In the listing that follows, give every line again exactly and omit the pictures.
━━━━━ GIVEN DATA
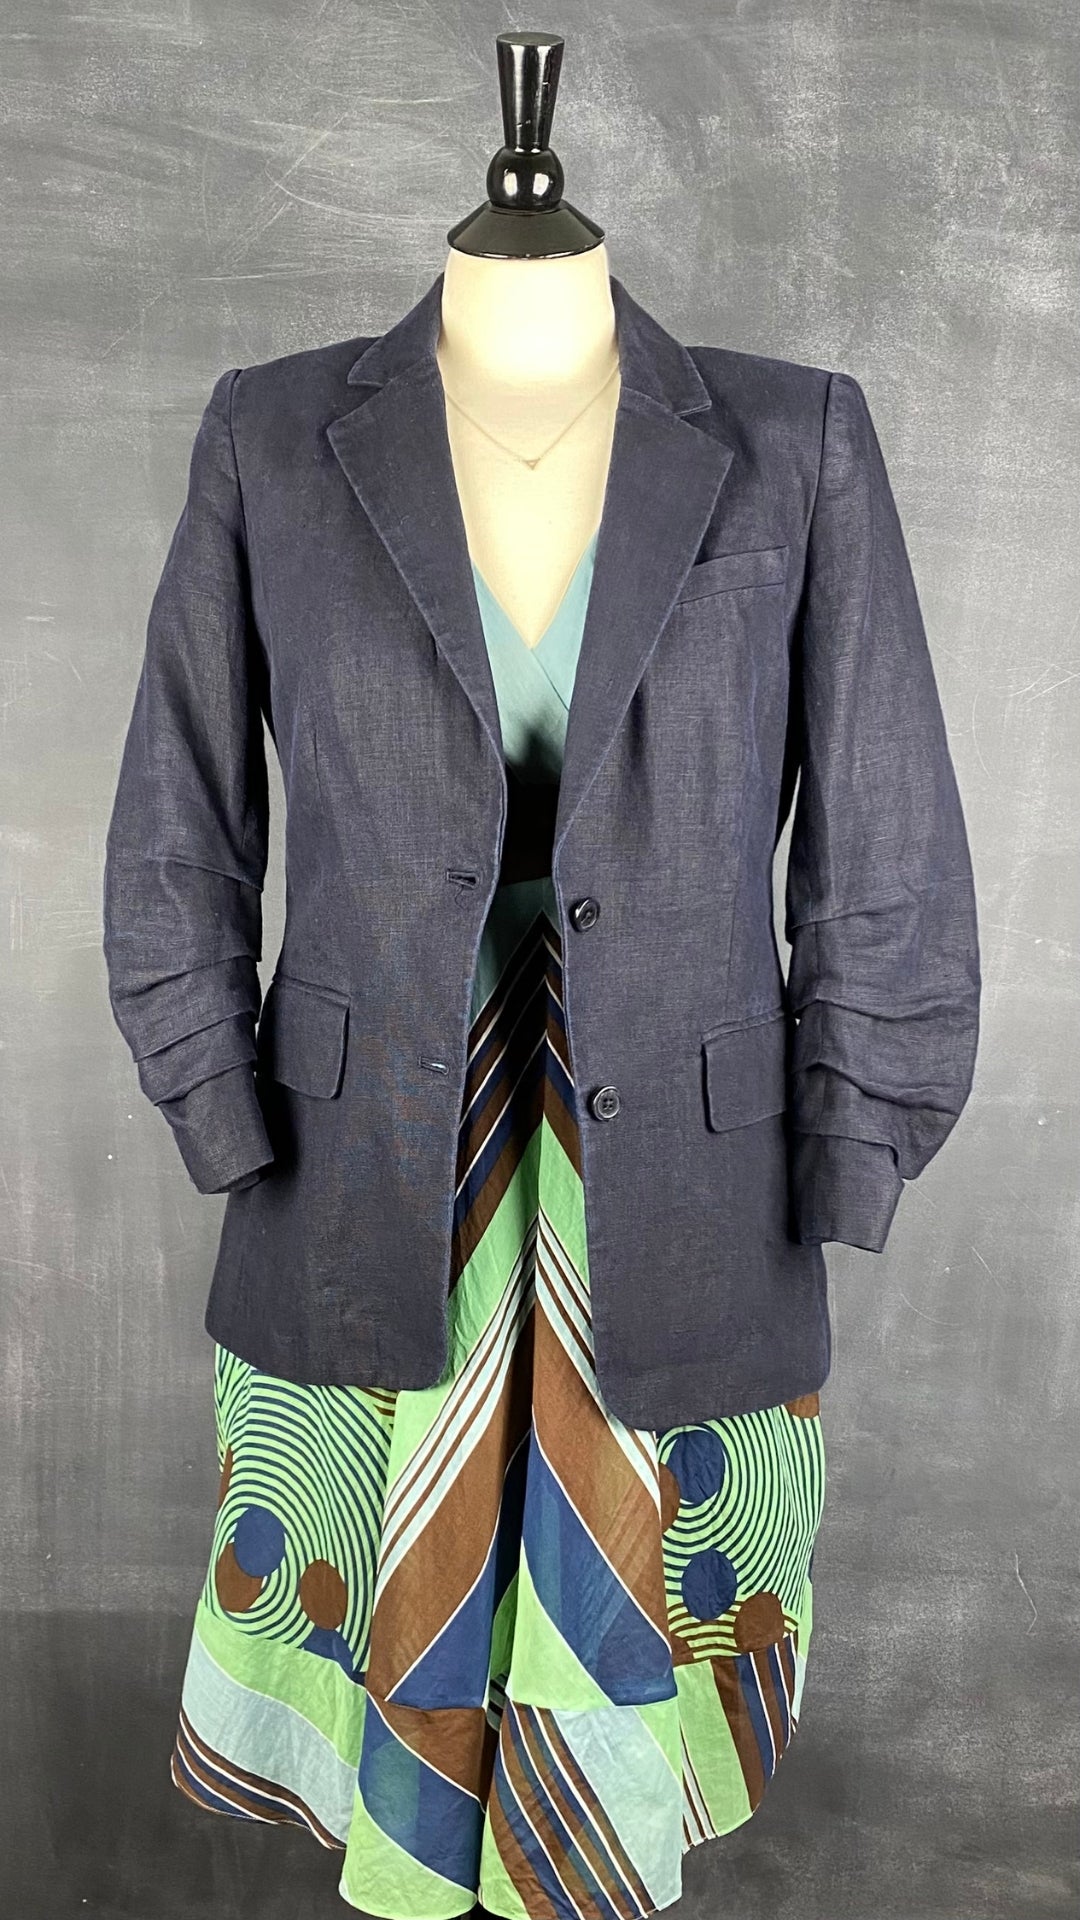 Robe à rayures et motifs géo en soie et coton BCBG Max Azria, taille 6. Vue de l'agencement avec le blazer en lin Michael Kors.
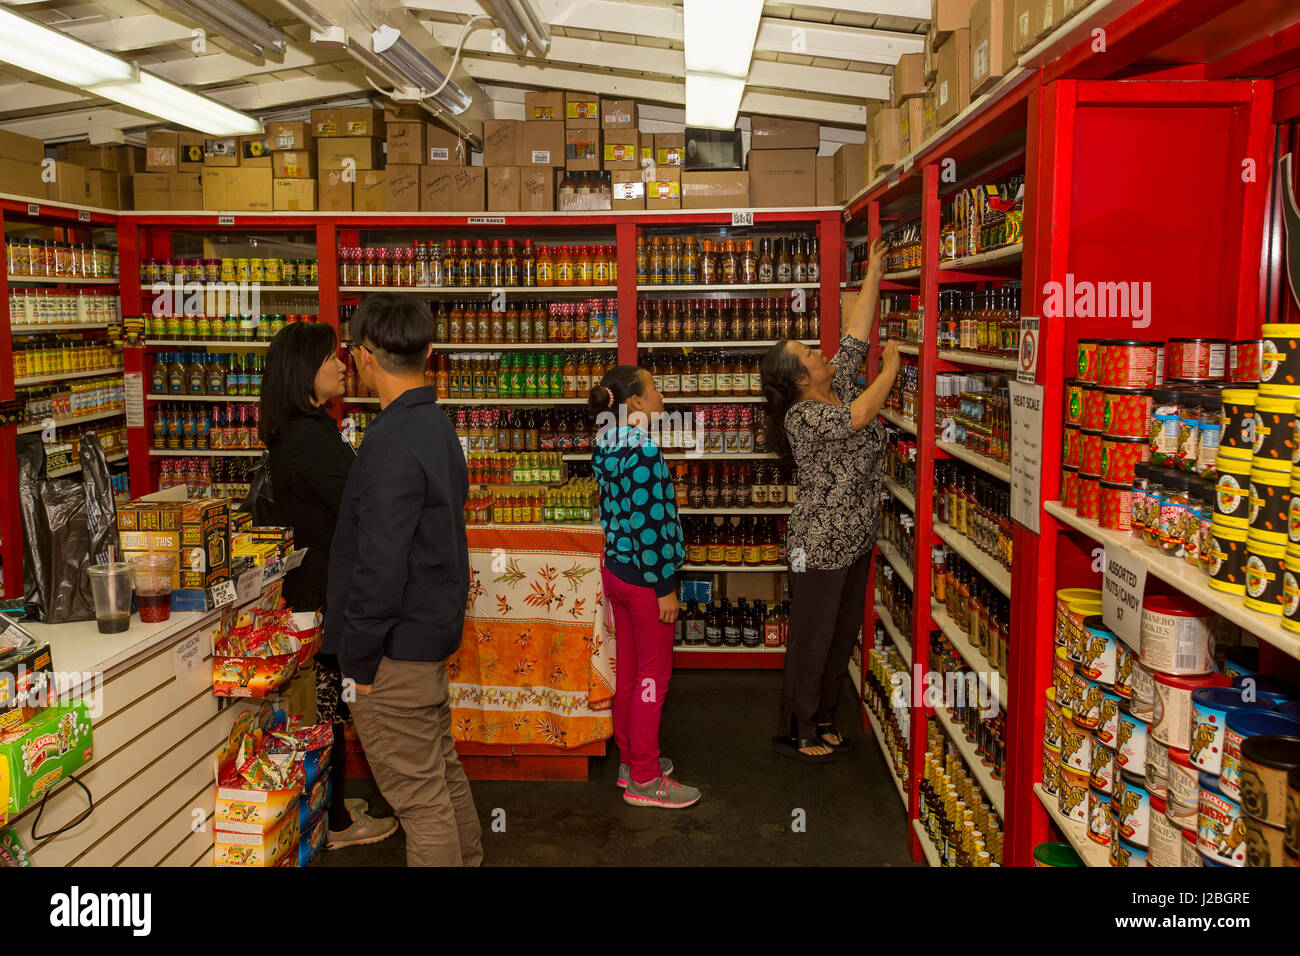 Menschen, die einkaufen, heiße Soße, scharfe Saucen, Bauern-Markt, 3rd Street und Fairfax Avenue, Los Angeles, Kalifornien Stockfoto
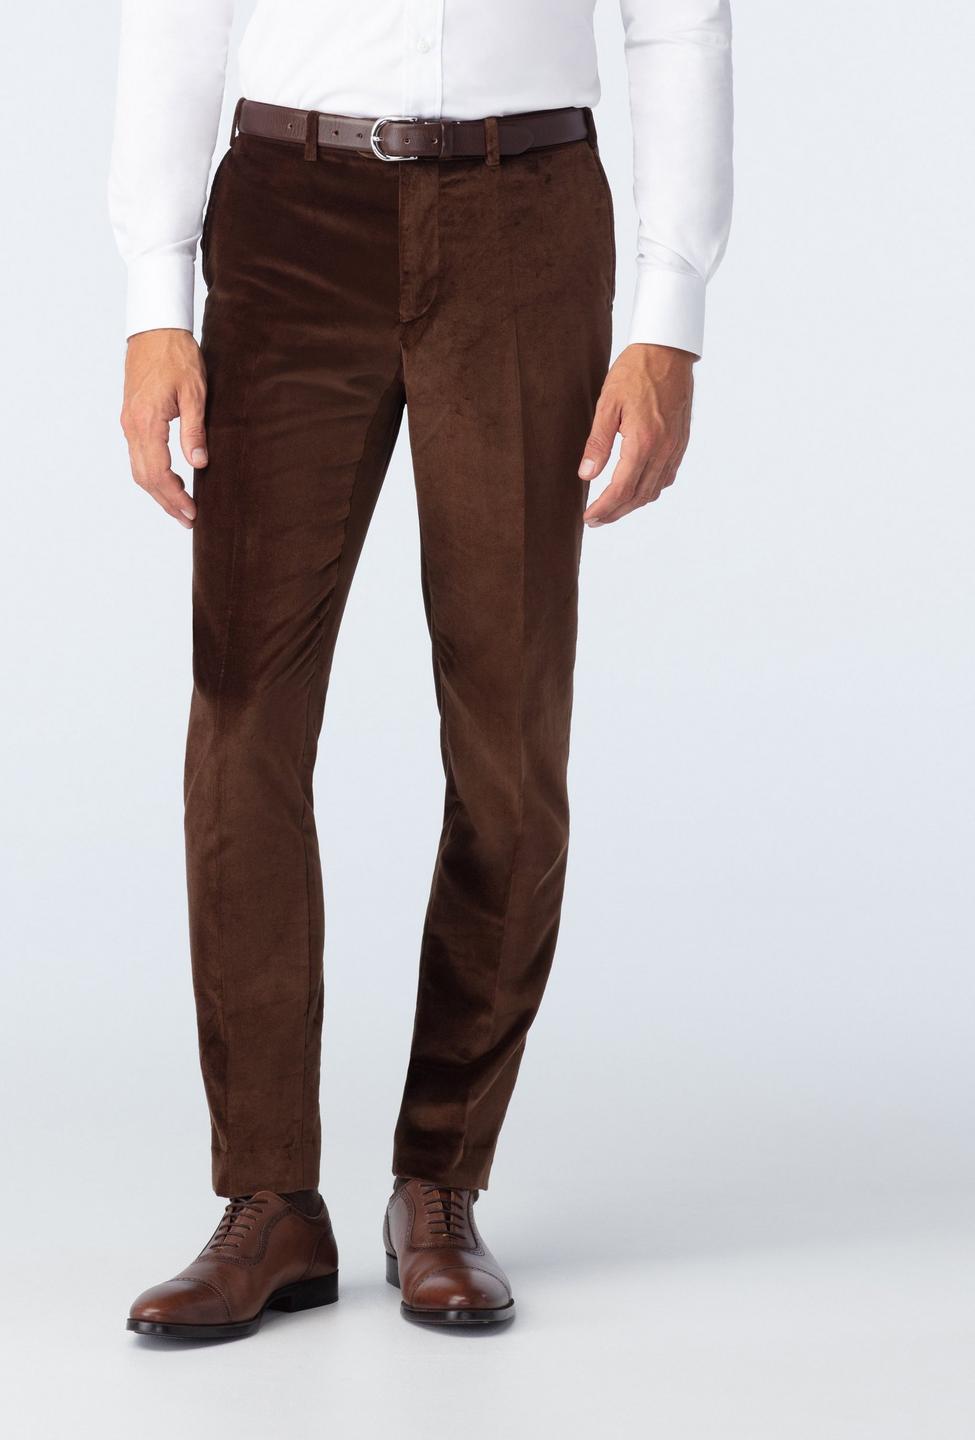 Harford Velvet Brown Pants
━━━━━━━━━━
## PROBLEM SOLUTION
 Robe à rayures et motifs géo en soie et coton BCBG Max Azria, taille 6. Vue de l'agencement avec le blazer en lin Michael Kors.
 Menschen, die einkaufen, heiße Soße, scharfe Saucen, Bauern-Markt, 3rd Street und Fairfax Avenue, Los Angeles, Kalifornien Stockfoto
 Harford Velvet Brown Pants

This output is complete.